In this paper, cerium oxide-graphene oxide (CeO₂-GO) nanocomposites with different CeO₂ to GO mass ratios were prepared by hydrothermal synthesis method. The micromorphology was observed by field emitted scanning electron microscopy-energy dispersive X-ray spectroscopy (FESEM-EDS) and transmission electron microscopy (TEM). The anticorrosive properties of the coating were analyzed by open circuit potential test, frequency response analysis, Tafel curve and Mott–Schottky curve.
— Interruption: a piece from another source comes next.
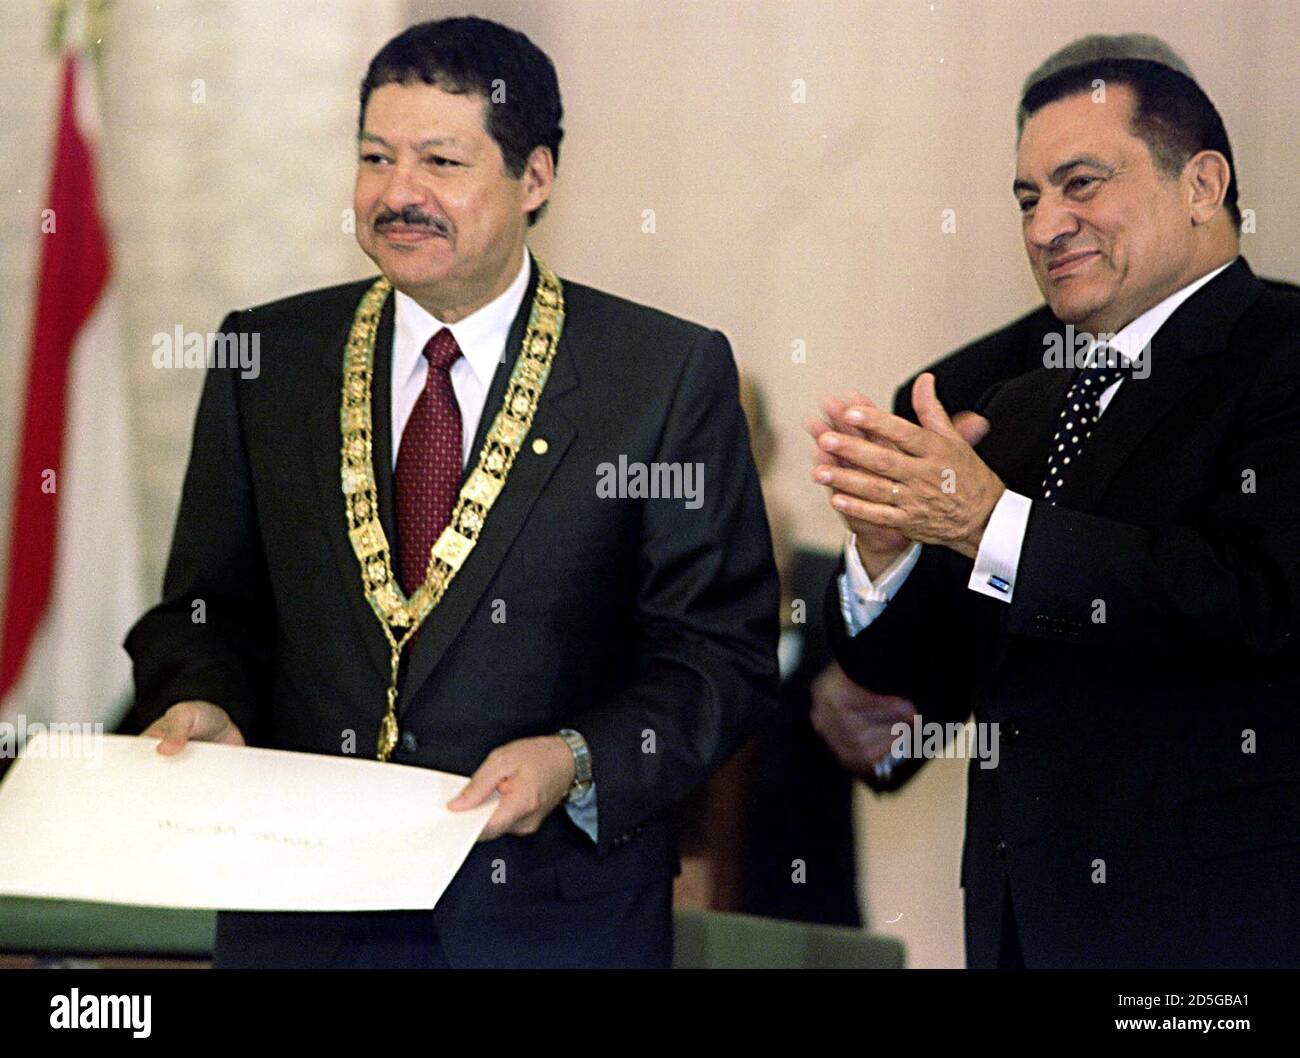 El químico egipcio Ahmed Zewail (L) sonríe después de recibir el Nile Necklace, el premio más prestigioso del país, del presidente egipcio Hosni Mubarak, el 16 de diciembre por ganar el Premio Nobel de Química el viernes en Estocolmo. Zewail es el segundo premio Nobel egipcio después de que el novelista Naguib Mahfouz ganó el premio de literatura en 1988. AN/JDP Foto de stock
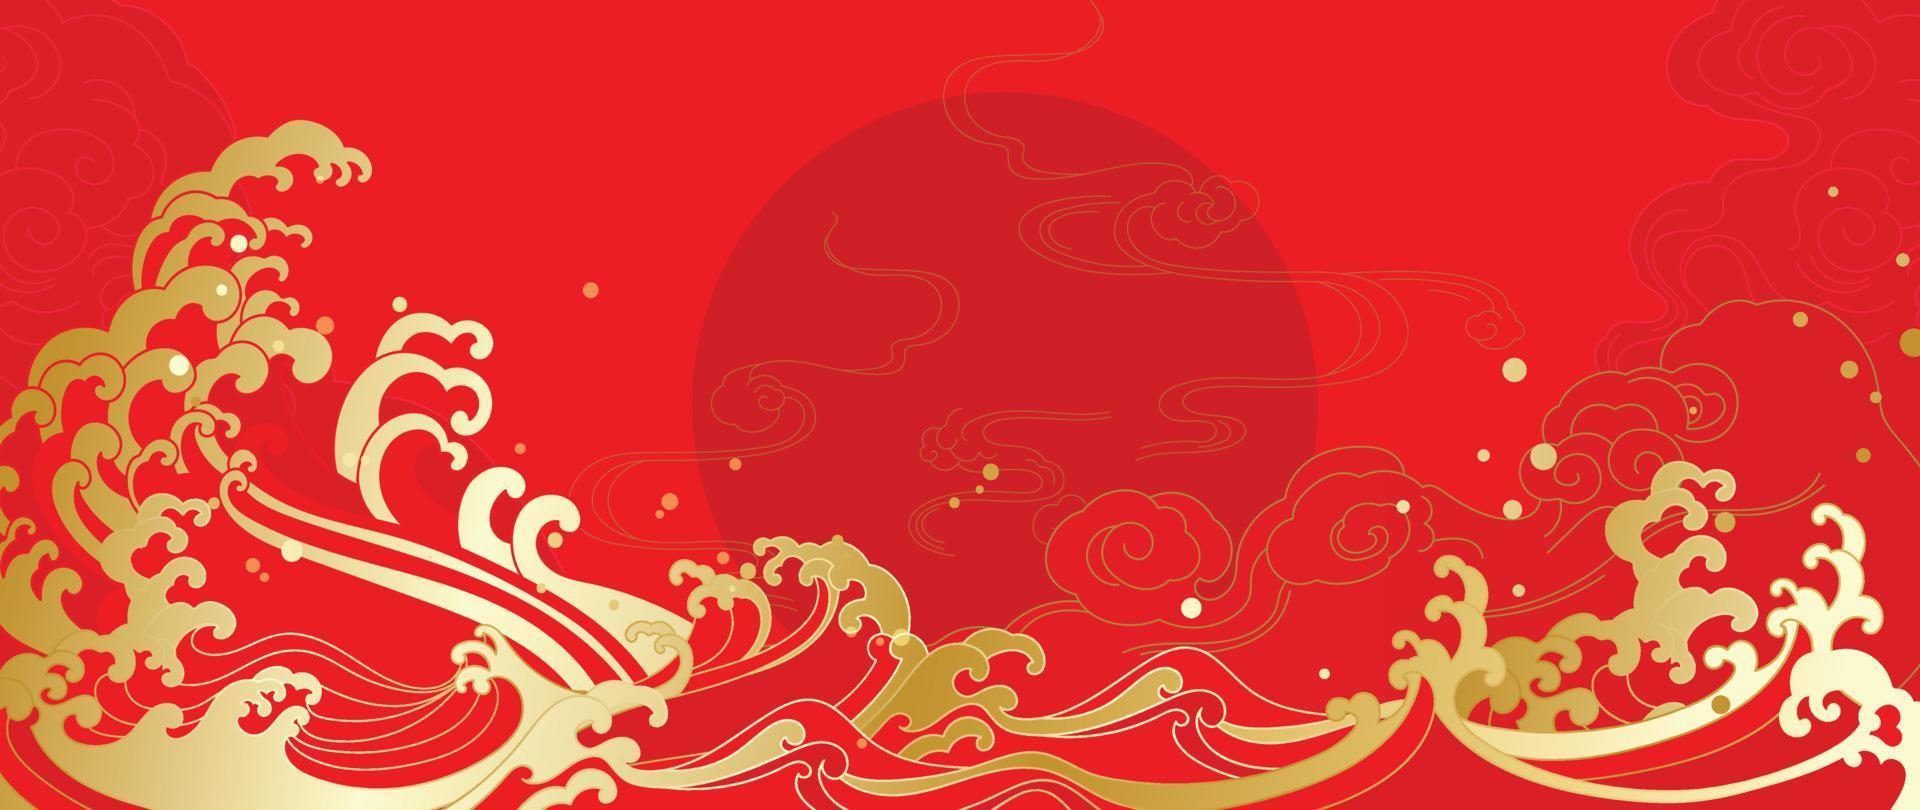 vector de fondo de patrón de estilo de lujo japonés y chino oriental. arte de línea de estilo de onda oriental de oro decorativo con fondo rojo de patrón chino. ilustración de diseño para papel tapiz, tarjeta, afiche.

The results are expected to promote the application of cerium oxide-graphene oxide modified anticorrosive coating in metal anticorrosion engineering.

2. Materials and Methods

2.1. Raw Materials

Graphene oxide (SE2430W) used in this research was a commercial product purchased from Changzhou Sixth Element Materials Technology Co., Ltd, Changzhou, China. The epoxy (WSR6101 E-44) and epoxy AB glue were supplied by Nantong Xingchen Synthetic Material Co., Ltd., Nantong, China. The epoxy resin (WSR6101 E-44) is a bisphenol A thermosetting epoxy resin with a viscosity of 15,000 mPa·s at 25 °C. The modified amine curing agent (593) is an addition of diethylenetriamine and butyl glycidyl ether with a viscosity of 90 to 150 mPa·s at 25 °C. Cerium hexahydrate nitrate ((CeNO₃)₃·6H₂O) was analytical reagent from Shanghai Aladdin Bio-Chem Technology Co., Ltd., Shanghai, China. Ammonium hydroxide, ethyl alcohol absolute and acetone were both analytical reagents from Chengdu Colon Chemicals Co., Ltd., Chengdu, China. In the experiment, Q235 carbon steel with the size of 5 mm in height and 10 mm in diameter was selected to evaluate the anti-corrosion performance of the developed coatings.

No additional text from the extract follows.